En las revoluciones anticapitalistas, el Estado posrevolucionario asume esa tarea tanto en el plano económico como en el político. Pero su juridicidad no es la del capital y la propiedad privada sino, al menos formalmente (y en las leyes las formalidades son importantes), la de los trabajadores y la propiedad colectiva social.

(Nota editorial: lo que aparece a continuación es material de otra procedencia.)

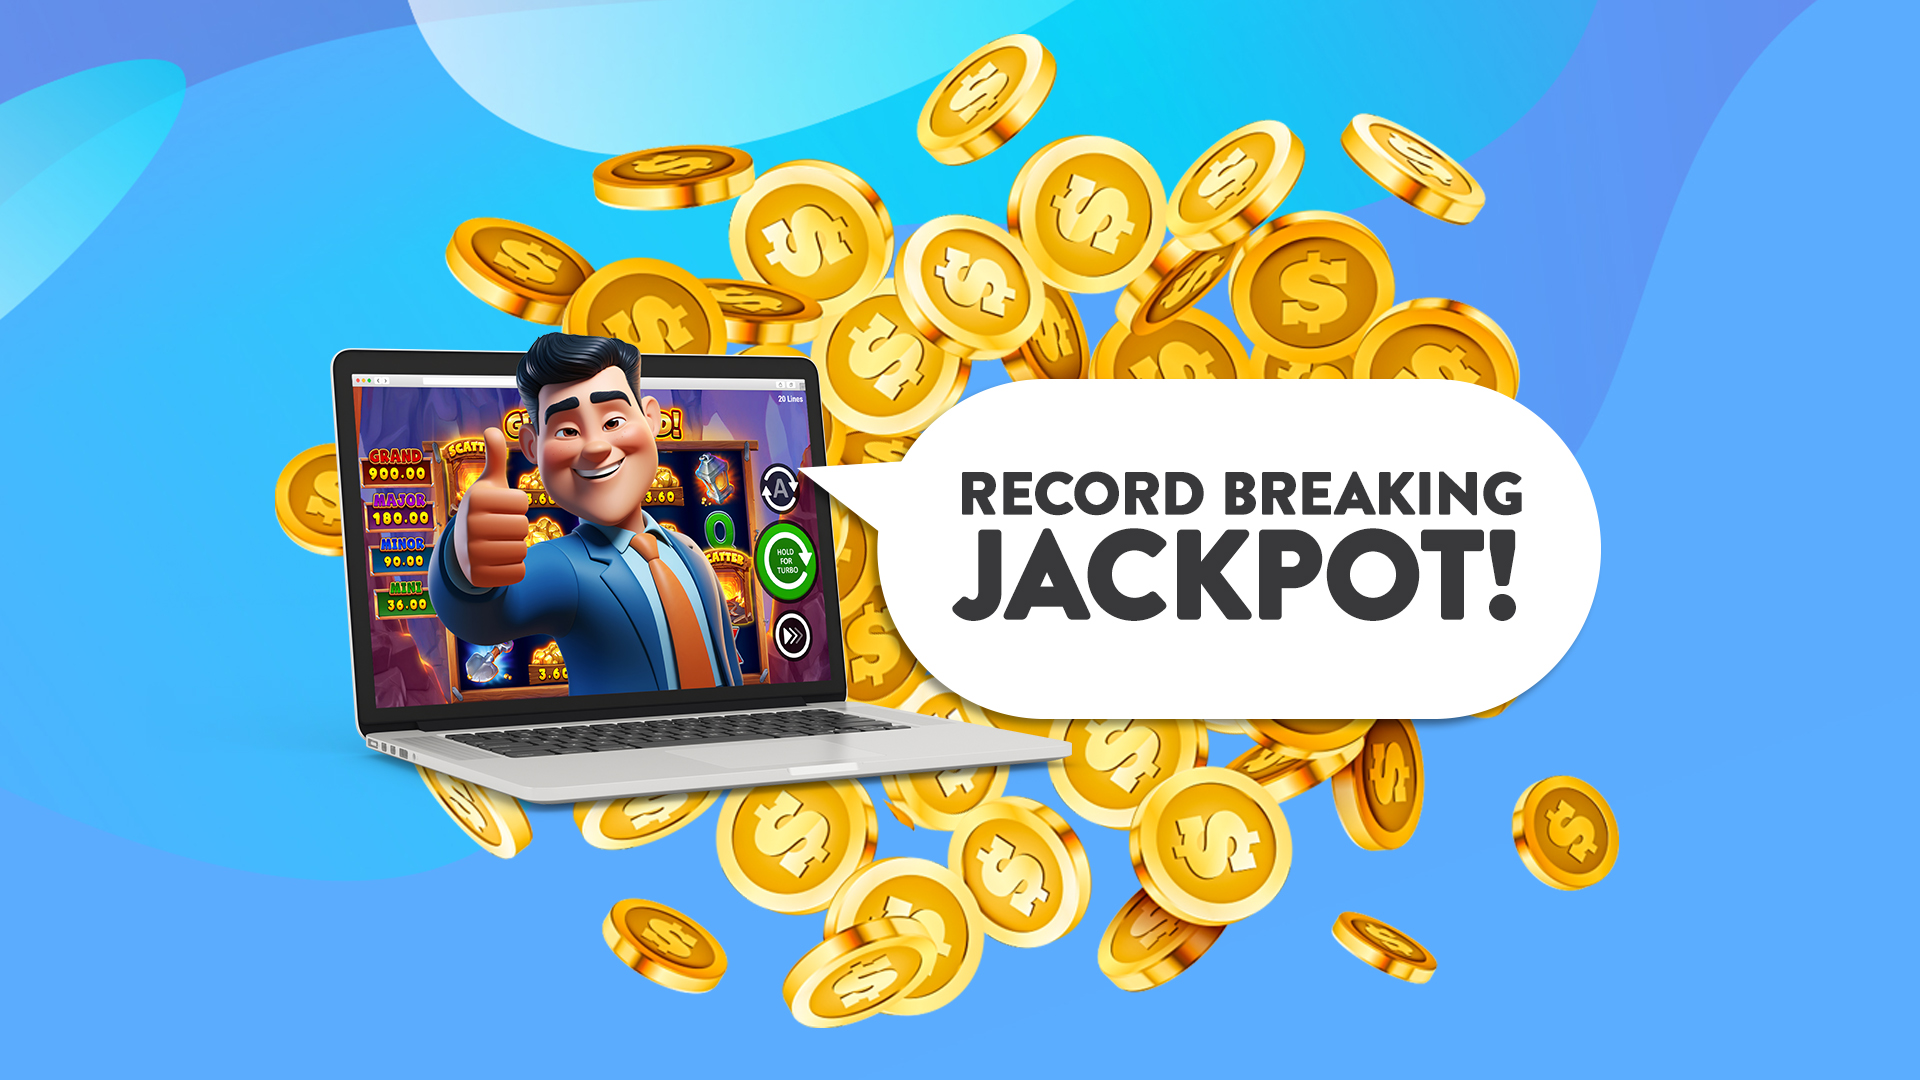 A cartoon man in a suit coming out of a laptop screen, with a speech bubble that reads ‘Record Breaking Jackpot’, on a blue background.

Cumple entonces en nombre de los "trabajadores" y del "socialismo" esas funciones propias de la burguesía y de su Estado (separar a los productores de sus medios de producción y disolver las solidaridades tradicionales), al mismo tiempo que expropia a la burguesía de su poder y de su propiedad.

Como en estos países la solidaridad de los trabajadores tiene reconocimiento constitucional pero no poder político ni bases histórico-sociales suficientemente extendidas y arraigadas, aquellas tareas (burguesas y antiburguesas) las realiza la burocracia que detenta el poder del Estado sumando en un todo único los métodos dé la acumulación originaria utilizados separadamente por el capital y por su Estado: la violencia económica y la violencia política.

Este tipo de Estado poscapitalista ha implicado un modo de dominación, ejercido políticamente por la burocracia estatal, que ha establecido (o restablecido) una fusión de los ámbitos de la economía y de la política, como en las sociedades tradicionales o de antiguo régimen. No lo ha hecho invocando una politicidad de los ciudadanos libres e iguales ante la ley, que es precisamente la que en la república burguesa separa ambos ámbitos. Lo ha hecho en nombre de la politicidad y de la legalidad de los "trabajadores" y del "socialismo". Pero entonces la burocracia, que oculta su identidad tras la categoría sociológicamente indiferenciada de "trabajadores", carga sobre los trabajadores y el socialismo, ante la sociedad y ante la historia, la responsabilidad por los métodos con los cuales ella ejerce esa dominación. "Socialismo" resulta asimilado a "dictadura del proletariado" y de ésta lo que queda en pie para todos cuantos la sufren, en primer lugar , el proletariado y los campesinos, es el término "dictadura". Es la dictadura económica y política del Estado y de sus administradores y usufructuarios, la burocracia, sobre el conjunto de la sociedad.

Esa falta de separación (o separación incompleta) entre economía y política implica para ese tipo de Estado (para ese modo de dominación) una peculiar condición de fragilidad,pues una crisis social con raíces en la economía desemboca sin mediaciones en una crisis política y cada crisis política importante amenaza a su vez desembocar en una crisis del Estado (una crisis de dominación).

Al quedar la economía y la política integradas o incluidas dentro del Estado, que es el propietario y el patrón universal y se presenta además como el representante general de los trabajadores (en cuanto se declara "Estado socialista" o "Estado obrero"), desaparece el complejo sistema de mediaciones y fusibles que separan e interconectan ambos reinos. Entonces los riesgos de cortocircuitos e incendios se ven multiplicados. El Estado como modo de la dominación y el régimen político como conjunto de relaciones jurídicas y administrativas a través de las cuales esa dominación es ejercida y mediada, se confunden en una sola entidad. Quedan así en situación más directamente vulnerable frente a las crisis de la economía y de la sociedad.